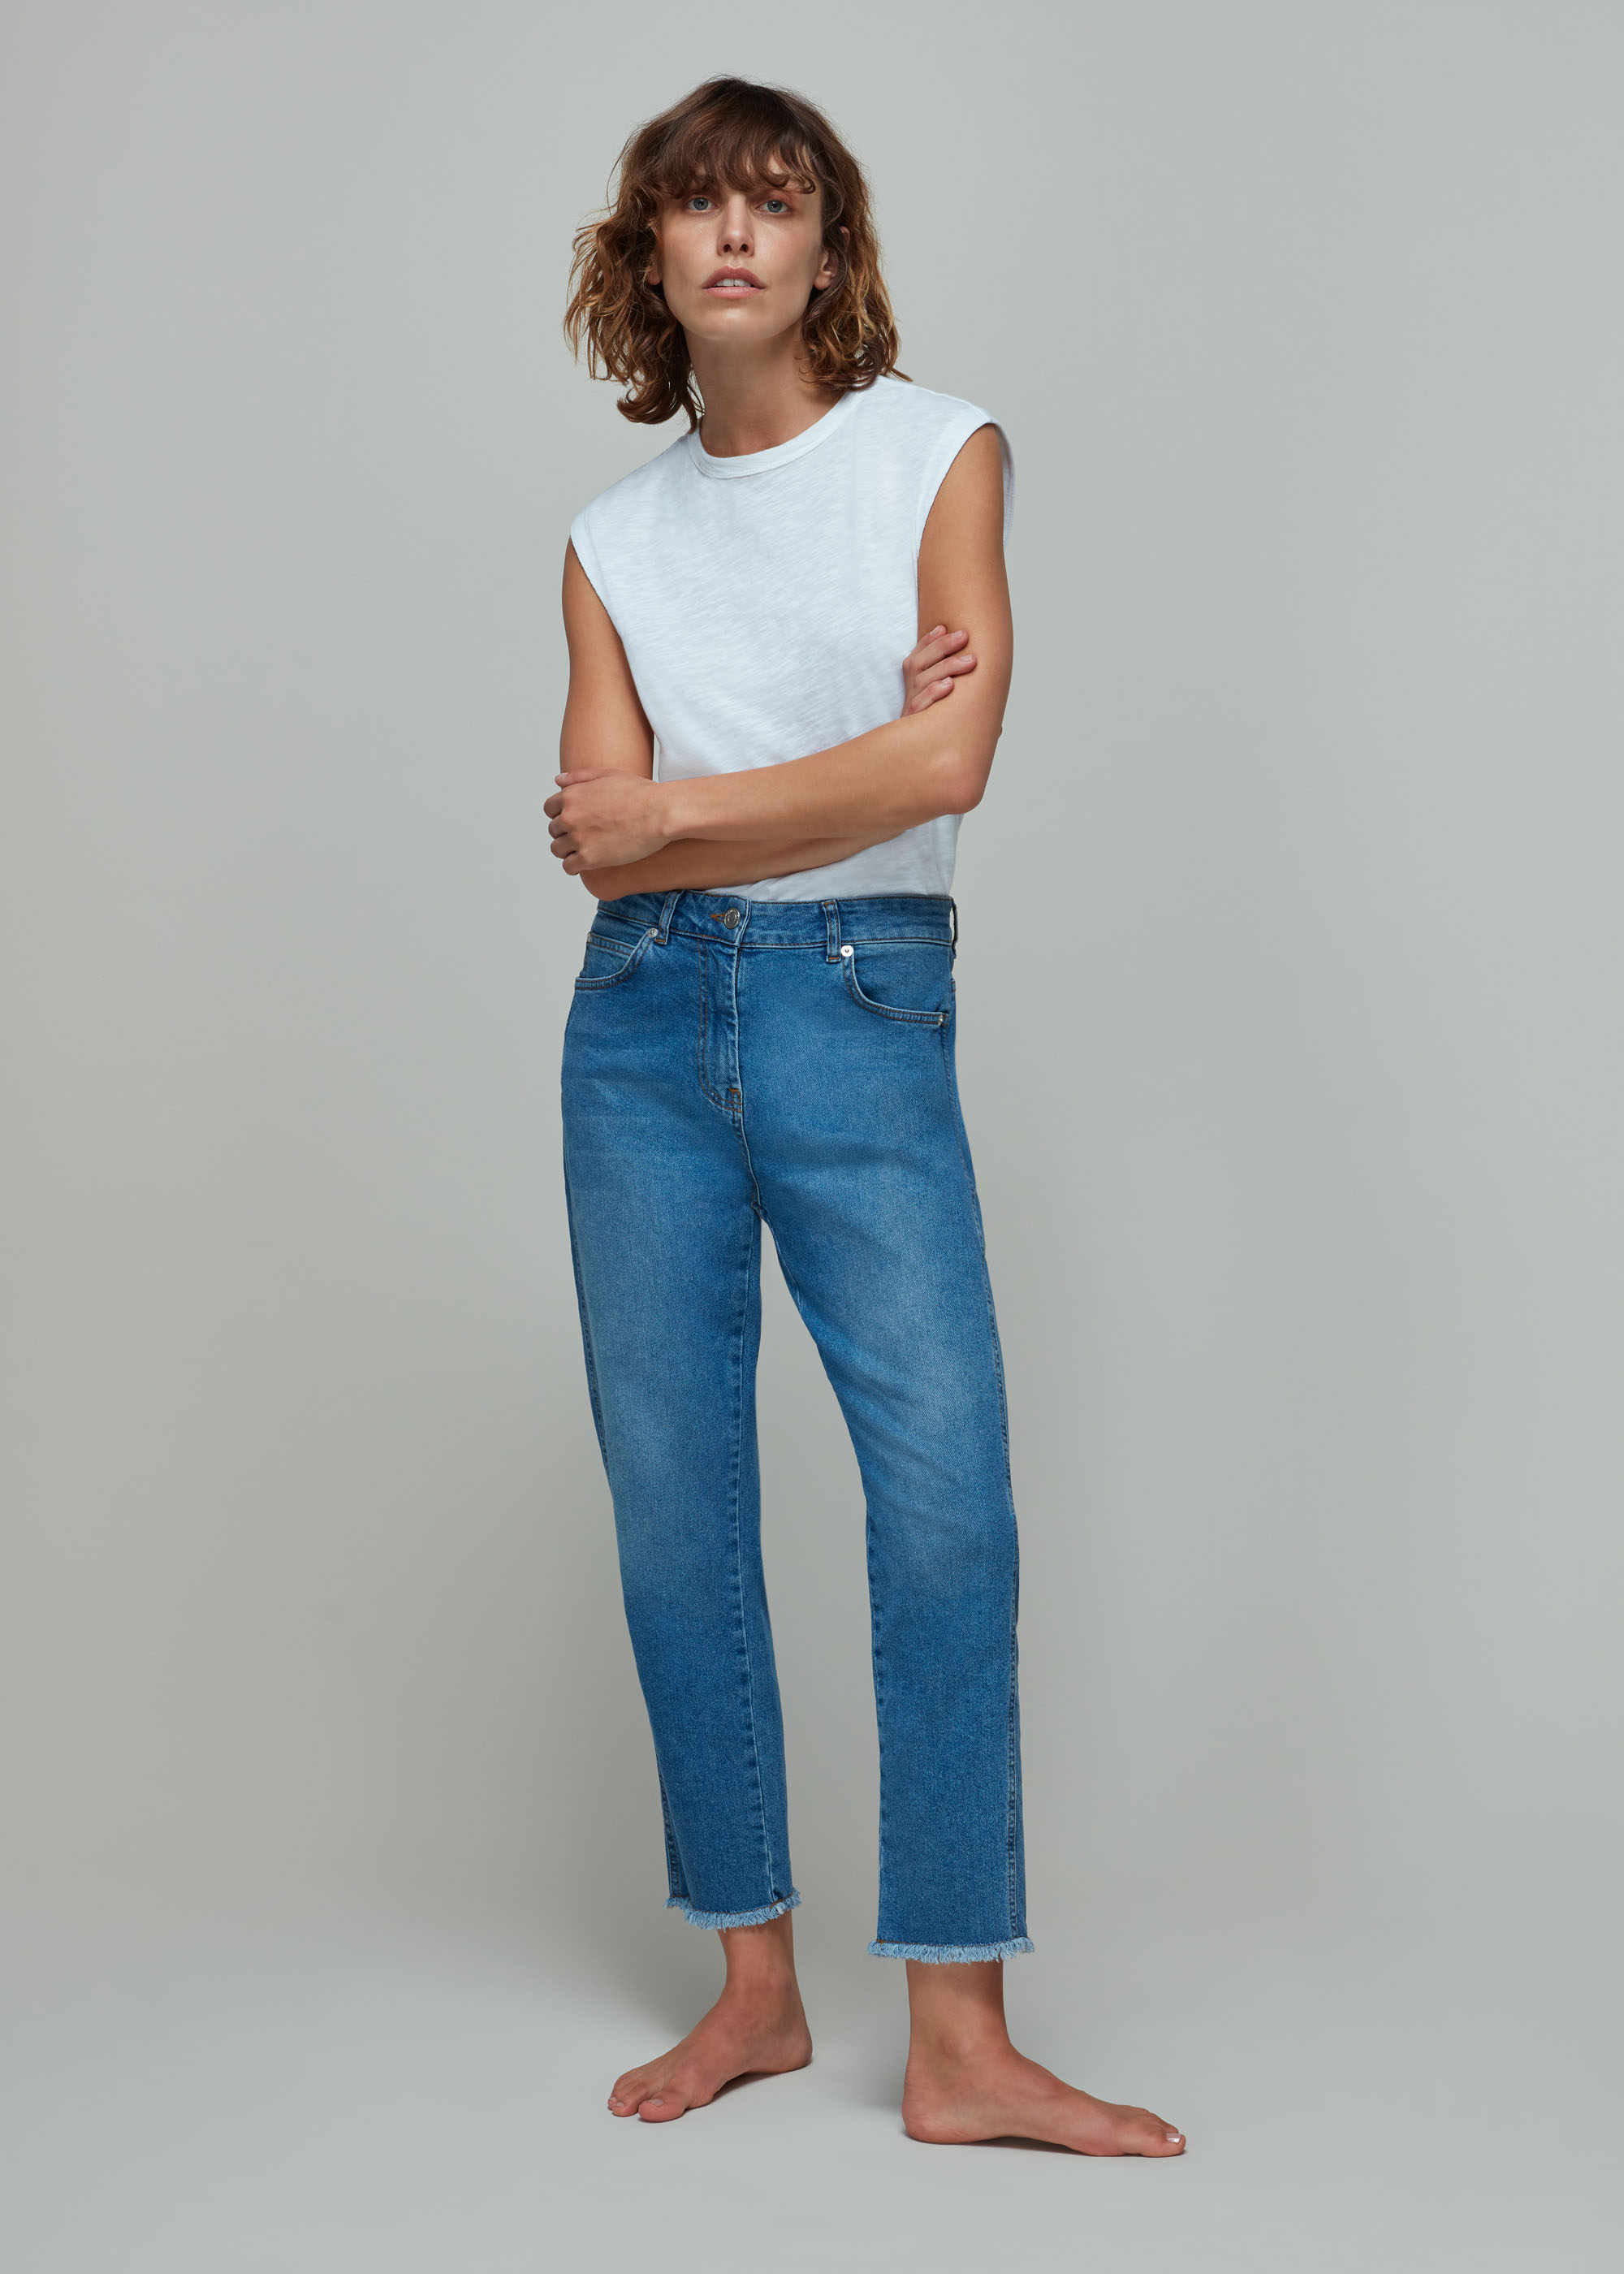 Jeans For Women | Flared, Straight Leg & Barrel | Whistles UK
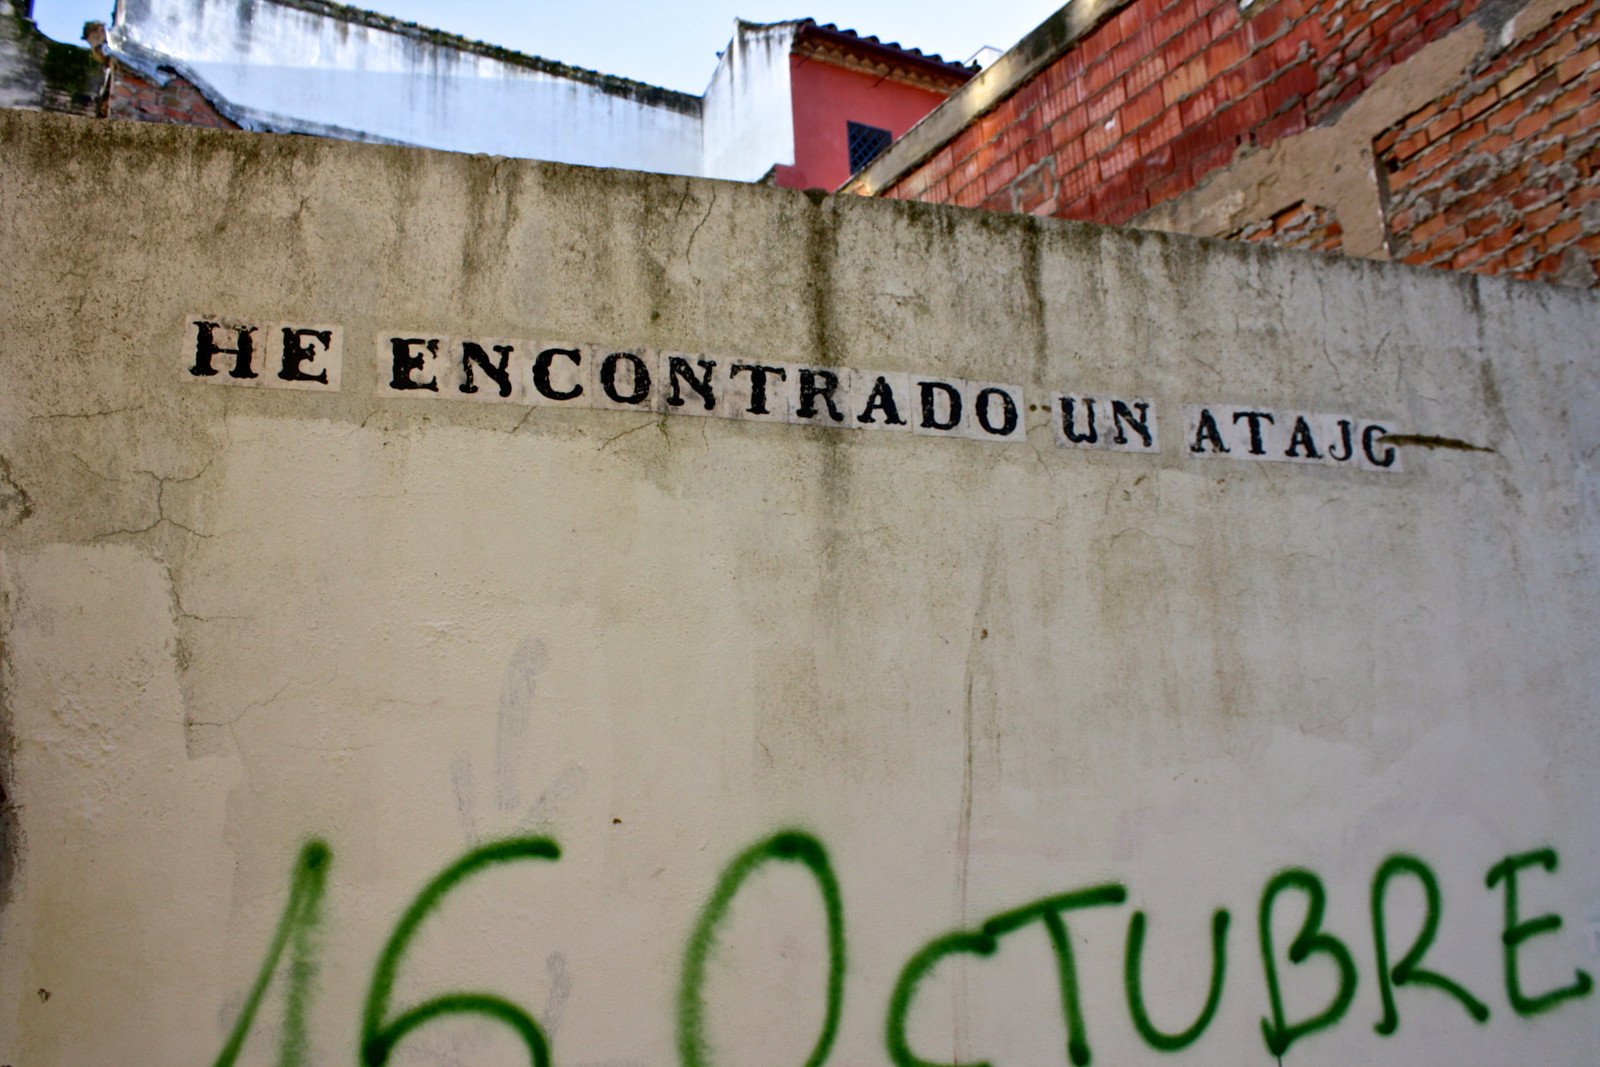 Graffiti from the callejero pirata of Córdoba, Spain
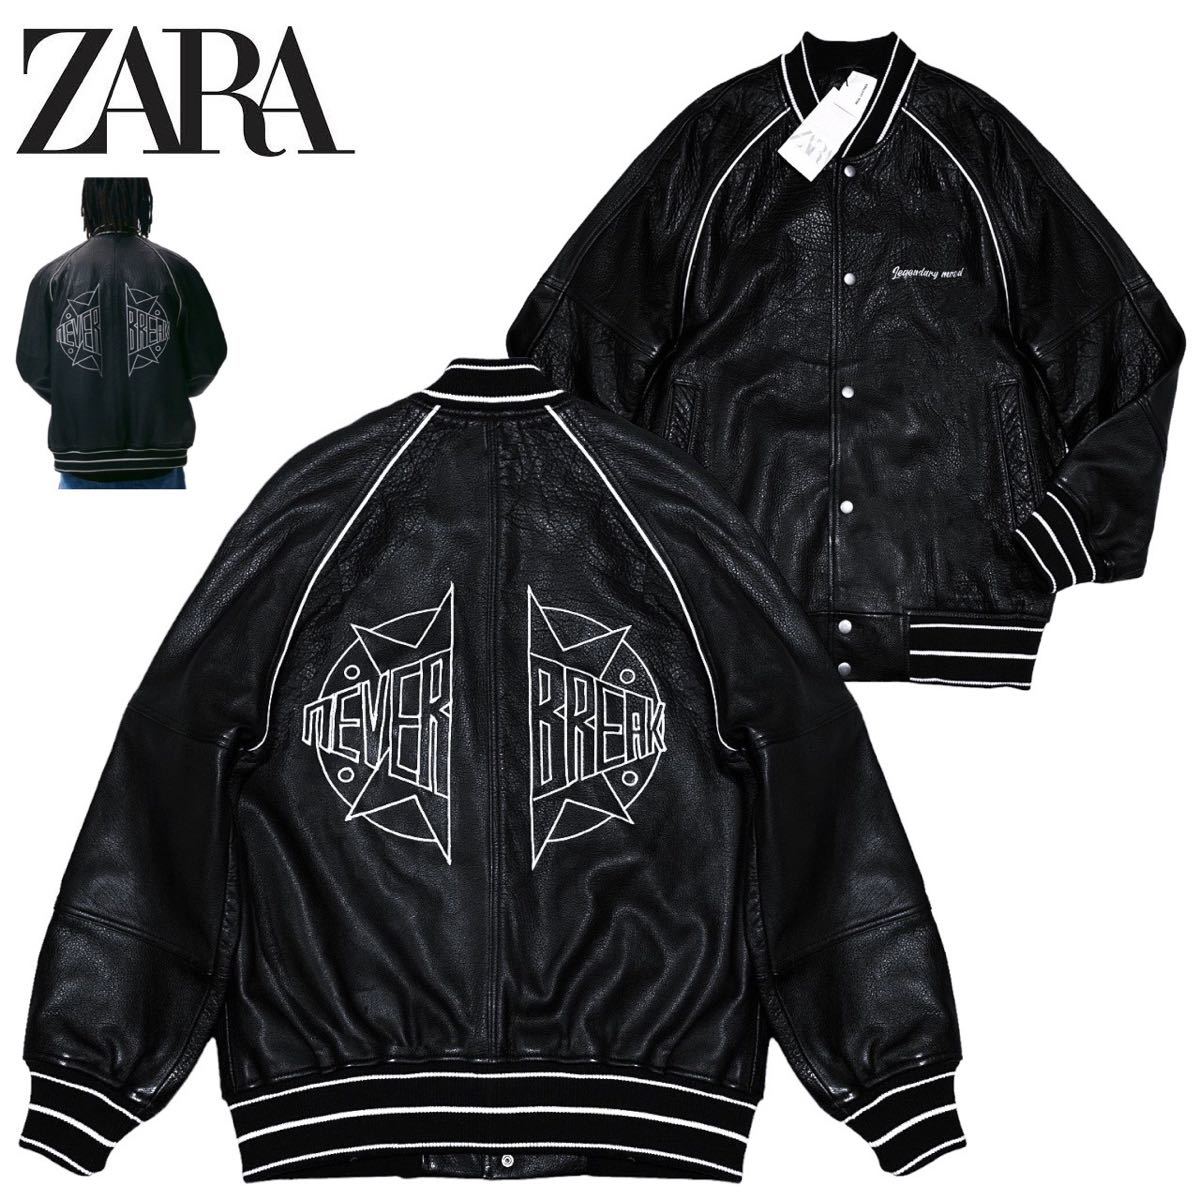 新品 21AW 定価2.5万 ZARA ザラ メンズ ロゴ刺繍 極上水牛革 オールレザー ボンバー バーシティジャケット 大きめS 黒 スタジャン ブルゾン

__Task__. Could all the data above be given again exactly, leaving out its images?

__Response to the task__.
 Jeans For Women | Flared, Straight Leg & Barrel | Whistles UK
 Graffiti from the callejero pirata of Córdoba, Spain
 新品 21AW 定価2.5万 ZARA ザラ メンズ ロゴ刺繍 極上水牛革 オールレザー ボンバー バーシティジャケット 大きめS 黒 スタジャン ブルゾン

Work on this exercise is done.